The park spans a few square kilometres and aside from the most obvious attractions, it boasts a gorgeous view of Korea's rugged Eastern coastline.
Entrance to the park is 3,000 won and you can go in through the back if you want (hyuk hyuk). We started at the top of the hill and worked our way down. Now a disclaimer: This park is full of penis statues. If you are reading this at work I advise you to check over your shoulder NOW to make sure you won't get caught, or play it safe and read this at home. I'll give you a bit more text in case you've accidentally scrolled too far, and use this opportunity to tell you why there is a park full of penises on a hillside in Korea.
Legend has it that in the local fishing village there was once a young maiden who was engaged. One day she was out collecting seaweed from the rocks when a storm rose up and dragged her out to sea. Sadly, (but really happily, as the next part of the story is AMAZING) she drowned. Shortly after her death, the fishermen's catches began to dwindle, until they weren't able to survive on the sea's meagre offerings.
A fisherman relieving himself off the rocks noticed that when he exposed his genitals to urinate, he was able to hook a few fish. Remembering the deceased maiden, he realised that her lust for penis was scaring the fish away! He got some of his fisherbuddies together, and they carved wooden dildos and threw them into the water to appease her. This did the trick, and soon the village was awash with fish! To ensure the maiden would never go unsatisfied, they set up the penis park on the shore to keep the fish around year-long. I am not making this up.

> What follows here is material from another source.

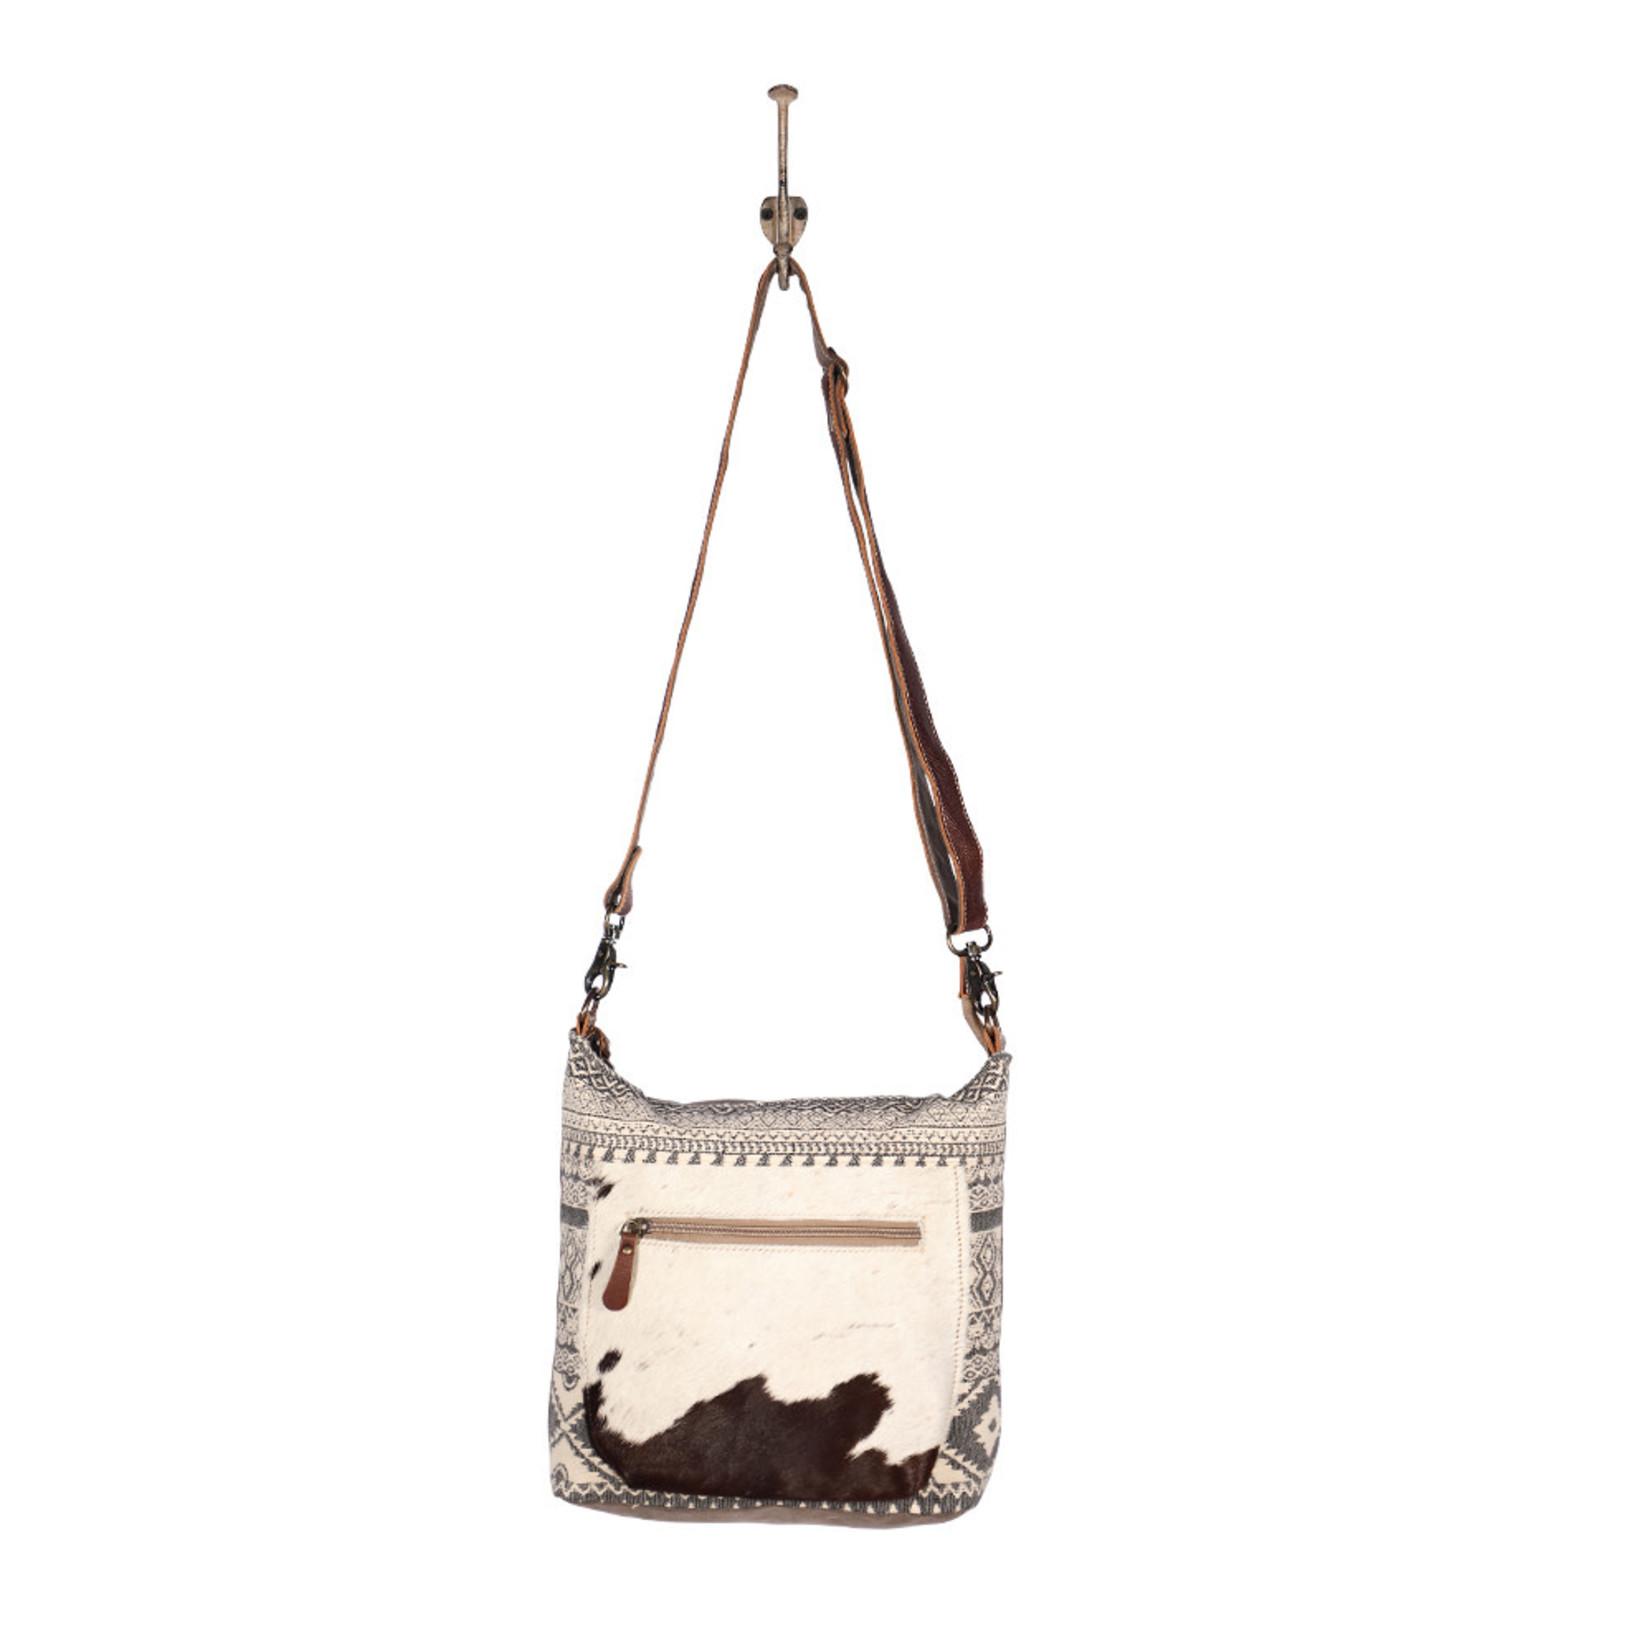 Myra Bags S-1947 Buster Shoulder Bag

|Chillin out on a marble penis.|
|A park full of penises is ideal for kids!|
|Every time I clicked 'Extra Large' on these pictures I giggled.|
|Statues of the 'Eureka!' moment when the fishermen solved all their problems.|
|This thing actually moves, but doesn't spray water from the tip. Gutted.|
|A shrine to the woman who started it all.|
|The local lighthouse.|
|Souvenirs at the gift shop. I got a shot glass with a penis in it, I use it to measure spices.|
It was a bitch to get there, and we didn't get back until half an hour before work started on Monday, but it was a great trip overall and worth it just for the puns. Recommended.